= Andrew McArthur (shipbuilding) =

Andrew Arnott “Andy” McArthur (March 26, 1935 – February 26, 2024) was a Scottish-born Canadian shipbuilding executive.

==Early life==
McArthur was born in Lochgelly, Fife, Scotland, and attended Kirkcaldy High School. McArthur entered the shipbuilding industry in 1952 as an apprentice draftsman at the Burntisland Shipyard in Burntisland, Fife, serving a five-year apprenticeship and earning a Higher National Certificate in Naval Architecture. McArthur then attended King's College, University of Durham (now the University of Newcastle upon Tyne), where he graduated with a B.Sc. in Naval Architecture in 1960. Shortly after graduating, McArthur moved to Denmark to accept a job as a naval architect at the Odense Steel Shipyard’s newly opened Lindø shipyard at Munkebo.

==Career in Canada==
McArthur immigrated to Canada in December 1962 to begin work the following month in the production planning department at Saint John Shipbuilding and Dry Dock Co., Ltd., a shipyard in Saint John, New Brunswick, owned by Irving Shipbuilding Inc. He was soon promoted to a Technical Manager; his first major project with Saint John Shipbuilding was its 1964 contract with the Royal Canadian Navy to build two Protecteur-class auxiliary oiler replenishment ships.

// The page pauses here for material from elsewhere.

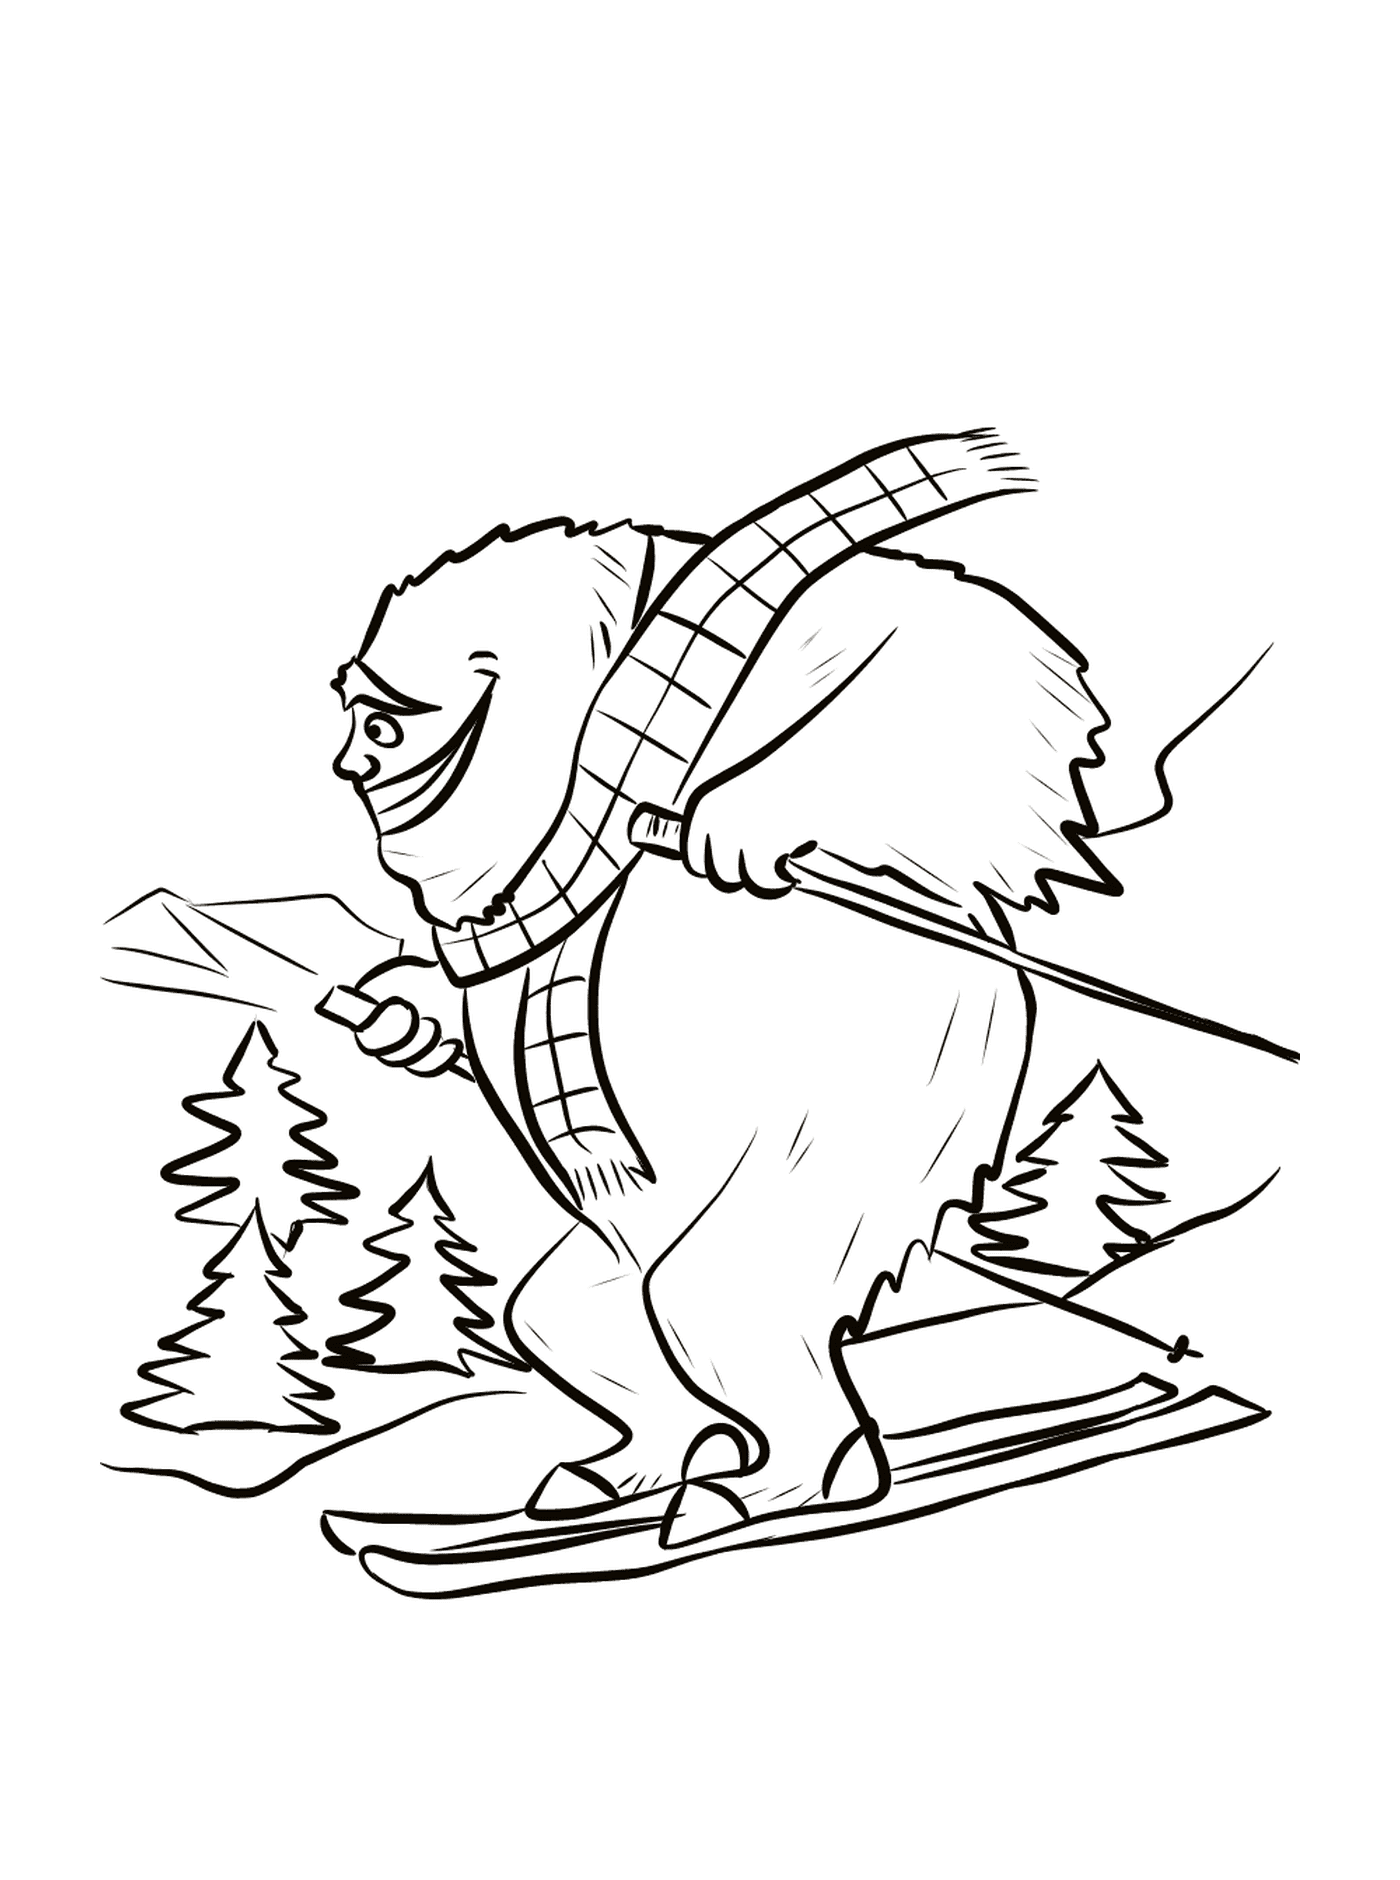  Полярные медведи катаются на лыжах

McArthur became president and General Manager of Saint John Shipbuilding in 1975, serving until 1985. During this time, McArthur also chaired a federal consultative task force on the Canadian shipbuilding and repair industry in 1978.

The Saint John shipyard's largest project during McArthur's tenure as president was its successful 1983 bid to construct the RCN's Halifax-class frigates for $3.8 billion, which was the largest single shipbuilding contract ever awarded by the Navy at the time. The first batch of six frigates were built between 1987 and 1992; a second batch of six frigates was built by Saint John Shipbuilding between 1991 and 1996.

McArthur also oversaw Saint John Shipbuilding's construction of the second MV Abegweit between 1980 and 1982 for CN Marine. The ship took over passenger, vehicle and railway ferry services between Cape Tormentine, New Brunswick, and Borden-Carleton, Prince Edward Island, between 1982 and 1997, when the ferry service was replaced with the Confederation Bridge.

In 1985, McArthur and a group of investors formed a corporation, Halifax-Dartmouth Industries Limited (HDIL), to operate the Halifax Shipyard after its previous owner, Halifax Industries Limited, declared bankruptcy. McArthur served as president and CEO of HDIL from 1985 to 1994. In 1992, HDIL successfully bid for the construction for 12 Kingston-class coastal defence vessels for the Navy, at a cost of $650 million and completed between 1994 and 1998.

In 1994, the Halifax Shipyard was purchased by Irving Shipbuilding Inc., and McArthur stepped down as its president upon Irving's purchase of HDIL.

==Later life==
After the sale of HDIL, McArthur founded a consultantcy firm, McArthur Consulting Ltd., which he ran until his retirement in 2018. During this time, McArthur also served as the chair of the Shipbuilding Association of Canada.

McArthur died in Halifax on February 26, 2024, at the age of 88.